There is no standard set of types that works for every team. Stage routing is the first signal for finding natural groupings: if one class of work visits stages another never touches — a design review slot or a security sign-off — they are candidates for different types. The cycle time distribution confirms the grouping. Plot each candidate type separately and check for a single peak. If the distribution stays multimodal, the group contains at least one more natural split.
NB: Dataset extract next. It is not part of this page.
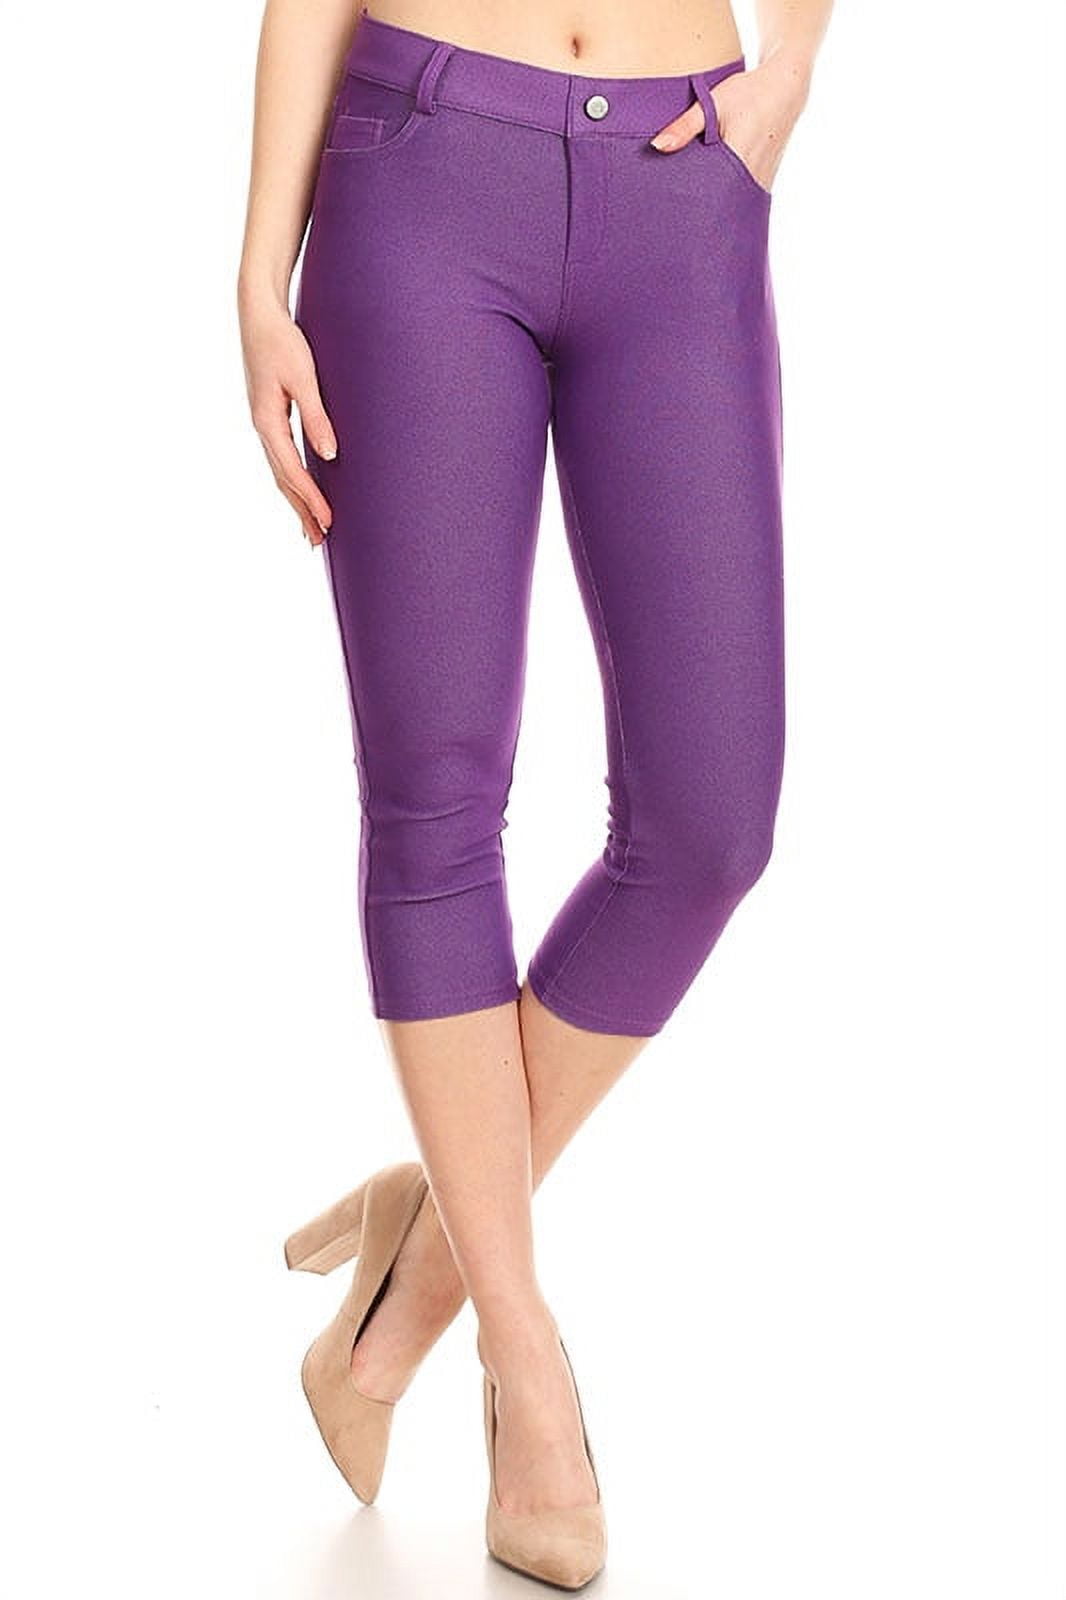 Women's Cotton Blend Capri Jeggings Stretchy Skinny Pants Jeans

Add types until each produces a unimodal histogram.

The distribution as a diagnostic

A histogram for a single well-classified type should be unimodal — one peak, a tail. When the combined histogram is multimodal, the diagnostic question is whether unlike types have been separated. The valley between peaks marks where two populations differ in characteristic pace; it doesn’t disappear by improving the process, only by splitting the view.

A type that remains multimodal after separation usually contains a hidden sub-type. A bug pool with two peaks is often mixing pre-release defects — found in testing, lower urgency — with production incidents treated as hotfixes. Separating the sub-type resolves the second peak.

A wide or multi-peaked distribution produces a scheduling range too broad to be useful: a median of 4 days and an 85th percentile of 12 days means you can’t commit to either date with confidence.

Escaped defects are not delivery

An escaped defect has a ticket, moves through stages, and completes. Found in production rather than testing, it carries the cost of a quality failure — throughput that adds nothing to planned capability.

Tracking escaped defects as their own type separates them from intentional delivery in throughput and cycle time reporting. A team whose throughput is rising while its escaped defect count is also rising is externalising quality cost to production; the work that looks like delivery is partly rework. Mixed into general metrics, that distinction disappears.

A rising count is a reason to examine the testing stages, not to celebrate throughput. The cost includes the discovery window in production and the rework it triggers — neither of which appears in the cycle time histogram.

Takeaways

  • Classify to communicate, track output, and see resourcing load. A single item count without type answers none of these.
  • Each type follows a distinct flow path. Different stages, different stall points, different inherent cycle times.
  • Use the histogram to answer "when to start". Take the type’s 85th-percentile cycle time, count back from the target delivery date — that’s the latest safe start.
  • A multimodal distribution signals mixed types. Separate them; each should resolve into a unimodal curve. A type that stays multimodal contains a hidden sub-type.
  • Escaped defects are not delivery. Track them separately; a rising count means more quality cost is reaching production.